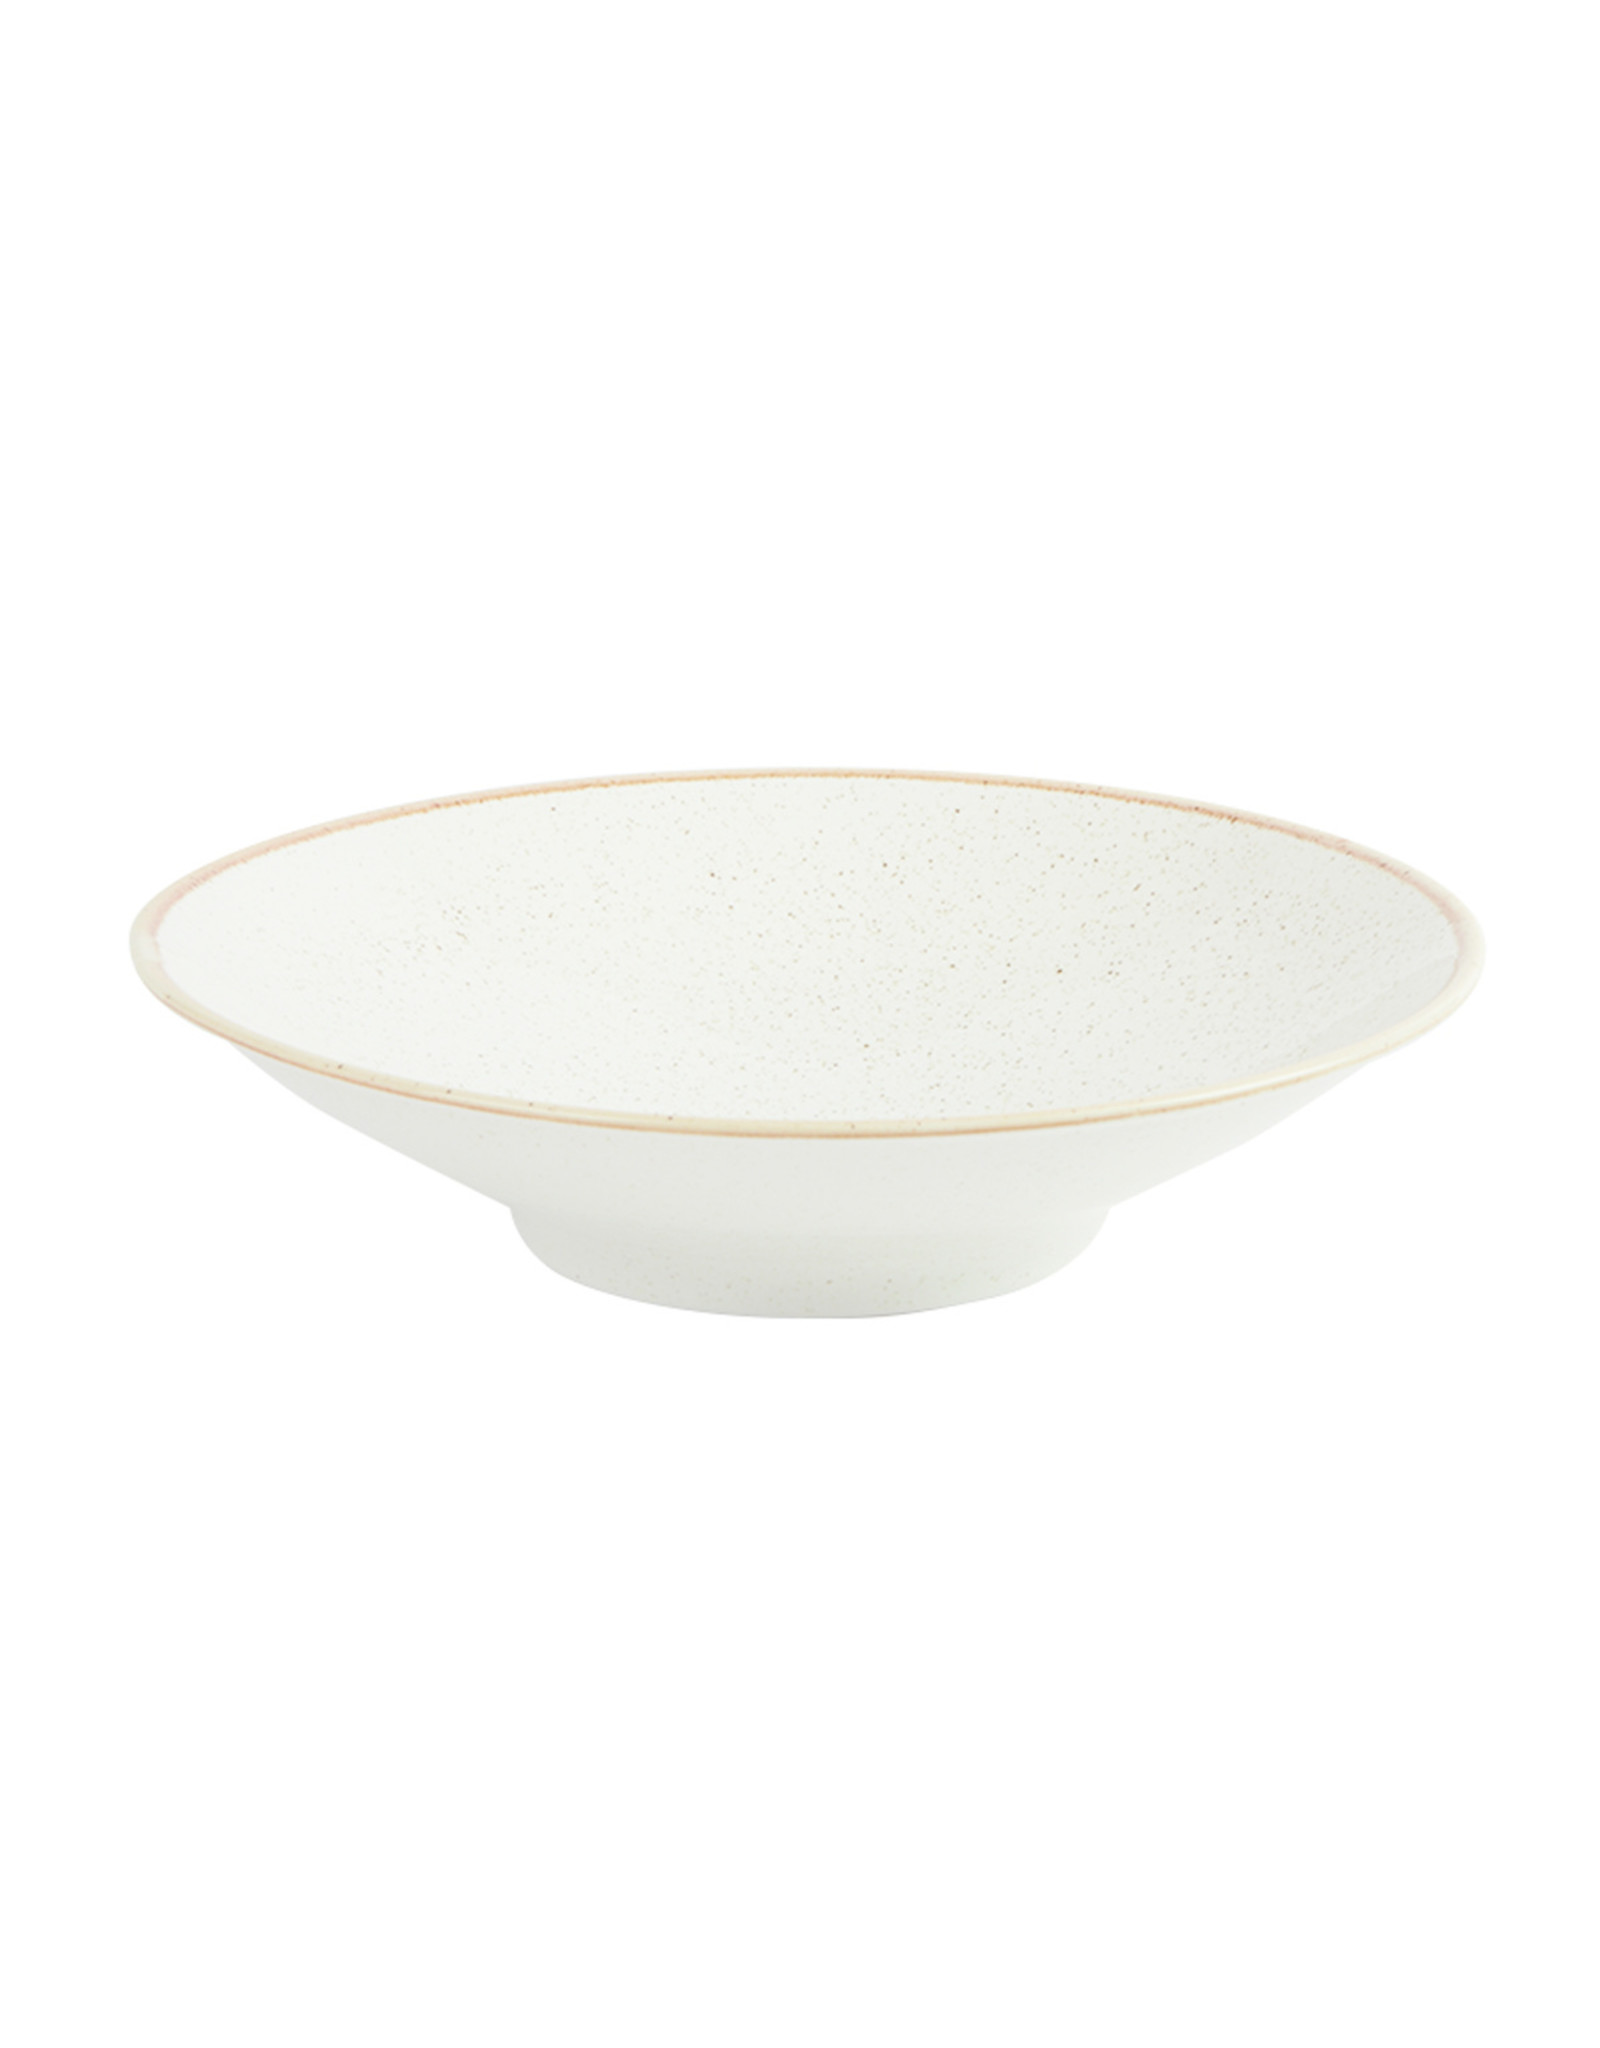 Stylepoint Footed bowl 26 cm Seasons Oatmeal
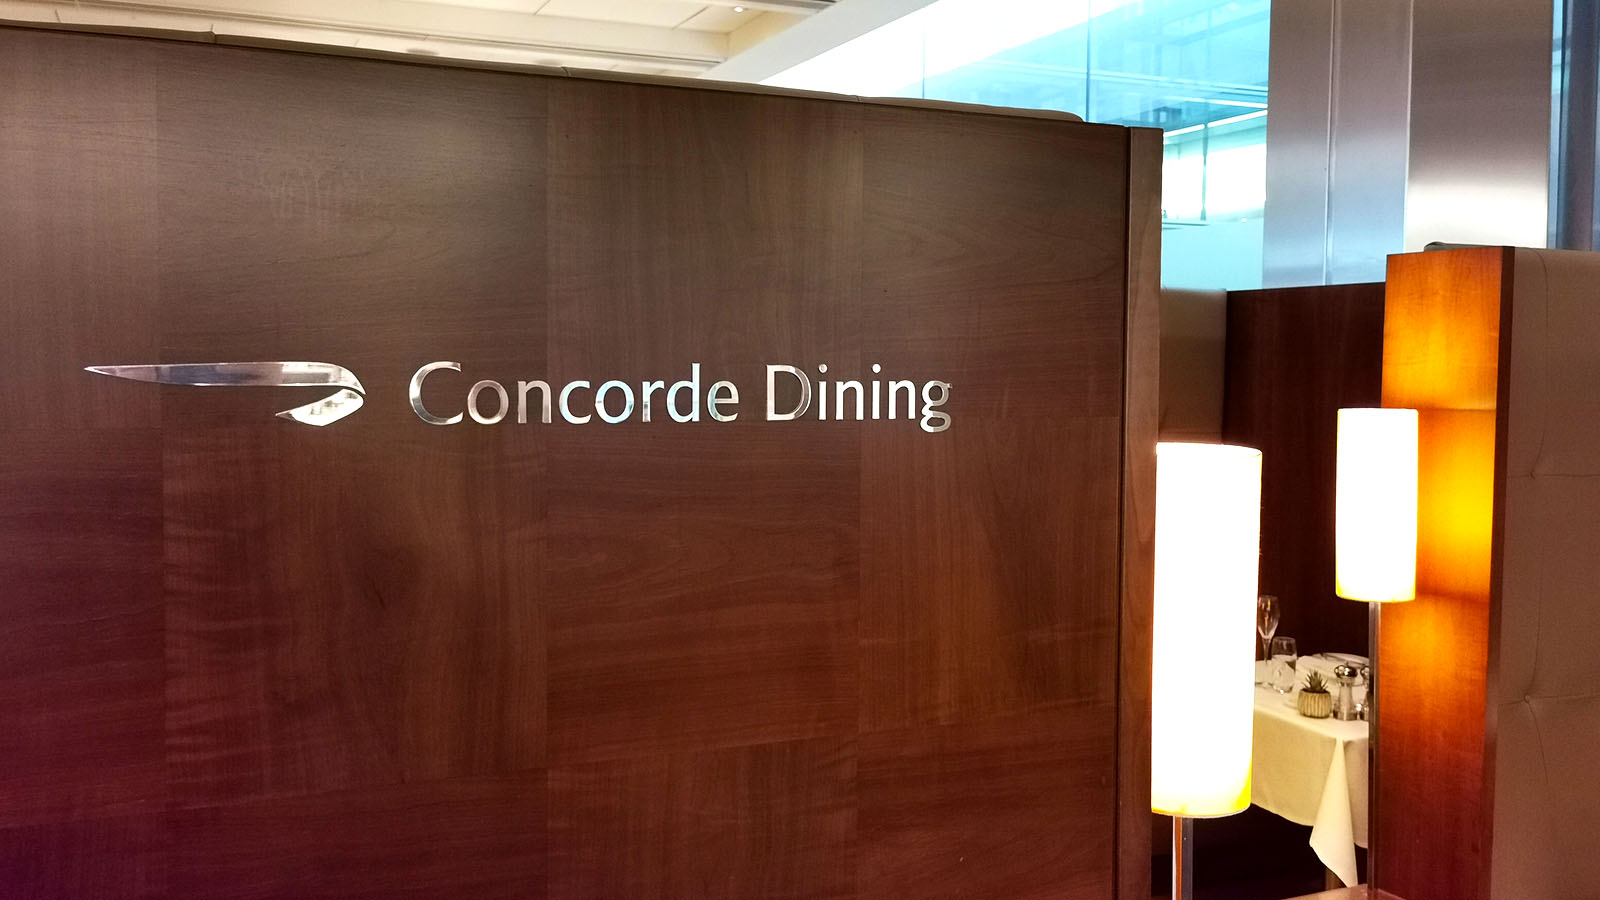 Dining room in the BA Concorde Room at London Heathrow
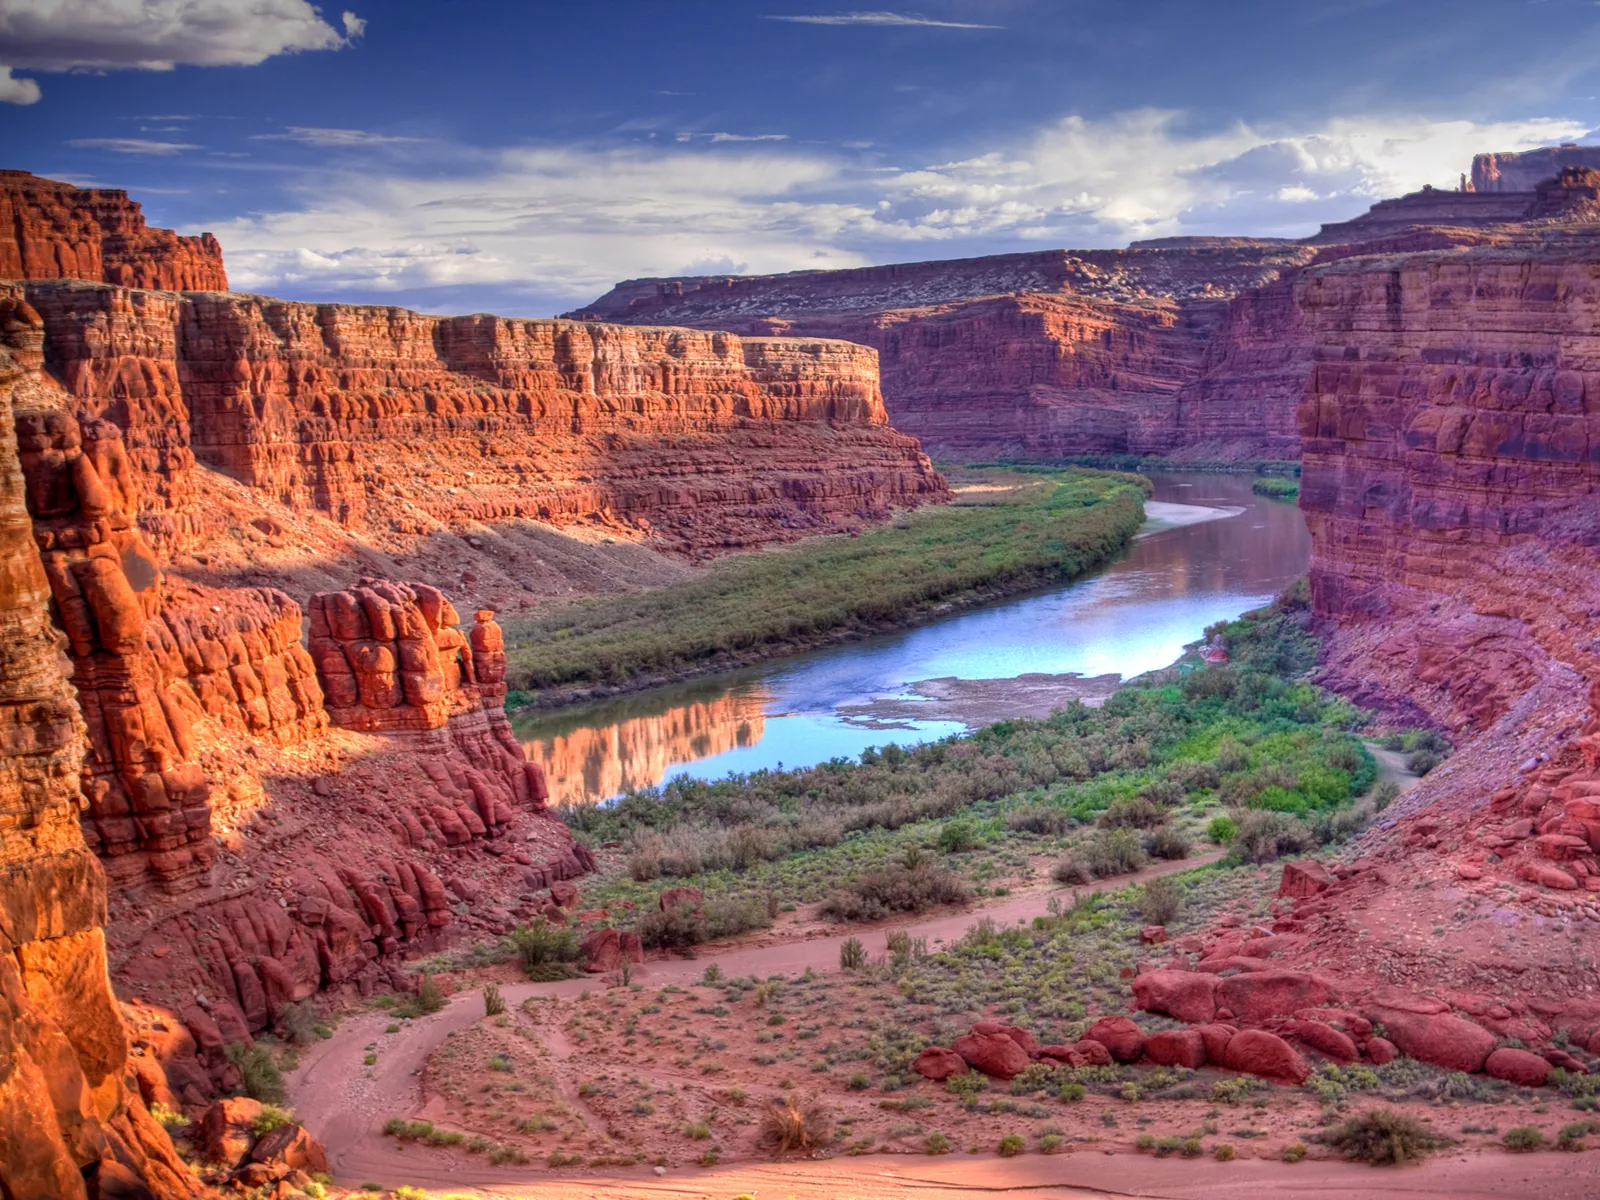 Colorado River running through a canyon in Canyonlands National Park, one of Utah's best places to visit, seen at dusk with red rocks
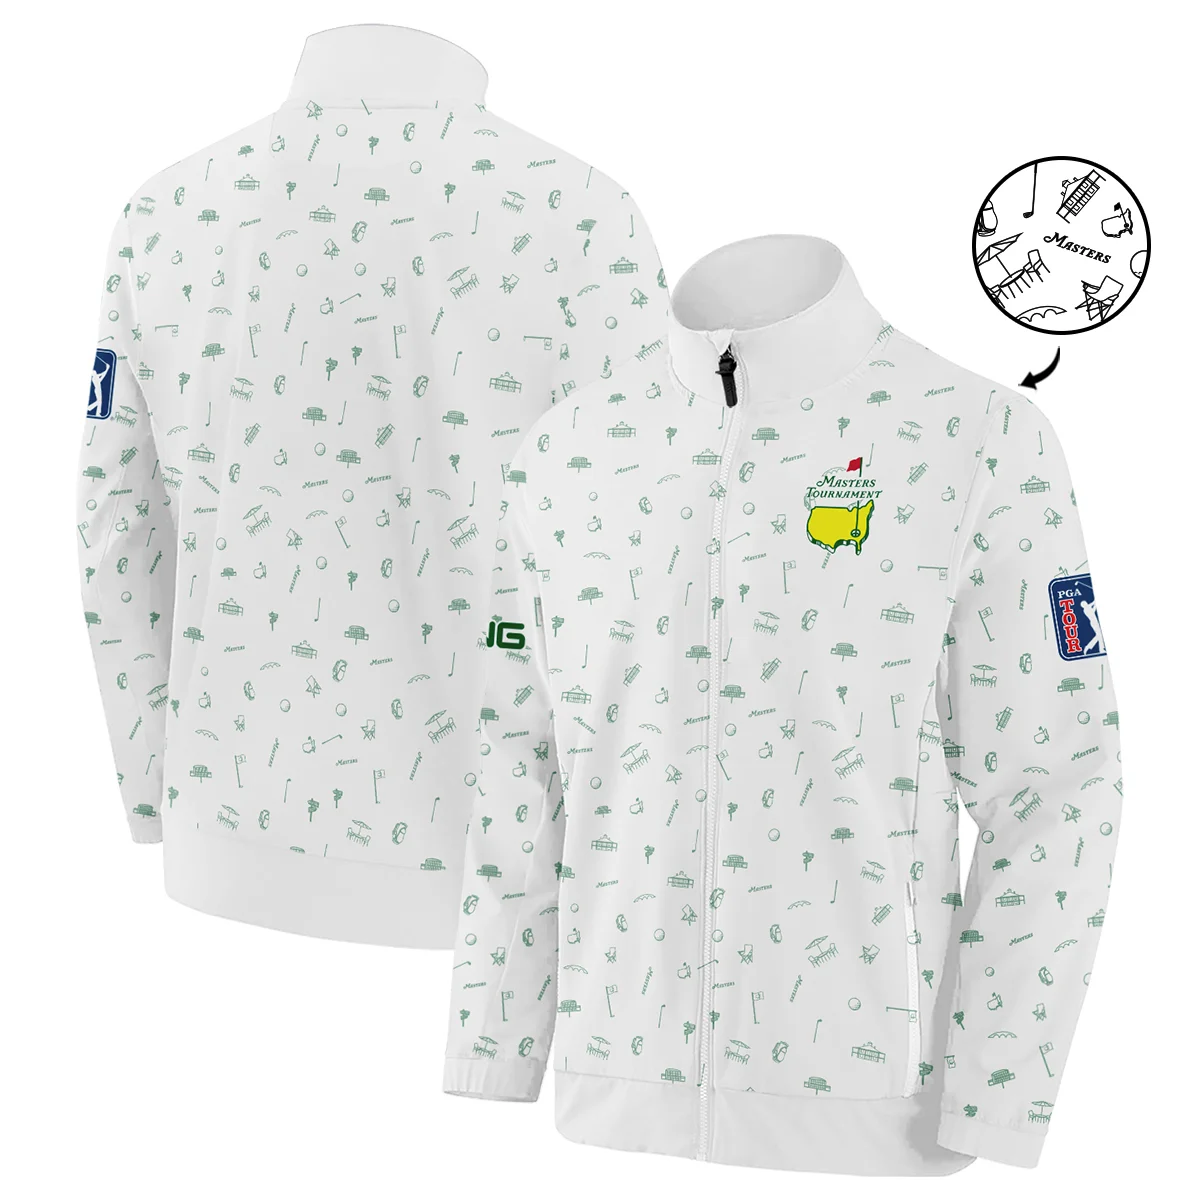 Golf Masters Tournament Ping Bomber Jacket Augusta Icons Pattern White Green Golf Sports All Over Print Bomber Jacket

□ □ □ □ □ □ □

Produce a verbatim transcription of every line in the listing, images omitted.

 Stylepoint Footed bowl 26 cm Seasons Oatmeal
 Dining room in the BA Concorde Room at London Heathrow
 Colorado River running through a canyon in Canyonlands National Park, one of Utah's best places to visit, seen at dusk with red rocks
 Golf Masters Tournament Ping Bomber Jacket Augusta Icons Pattern White Green Golf Sports All Over Print Bomber Jacket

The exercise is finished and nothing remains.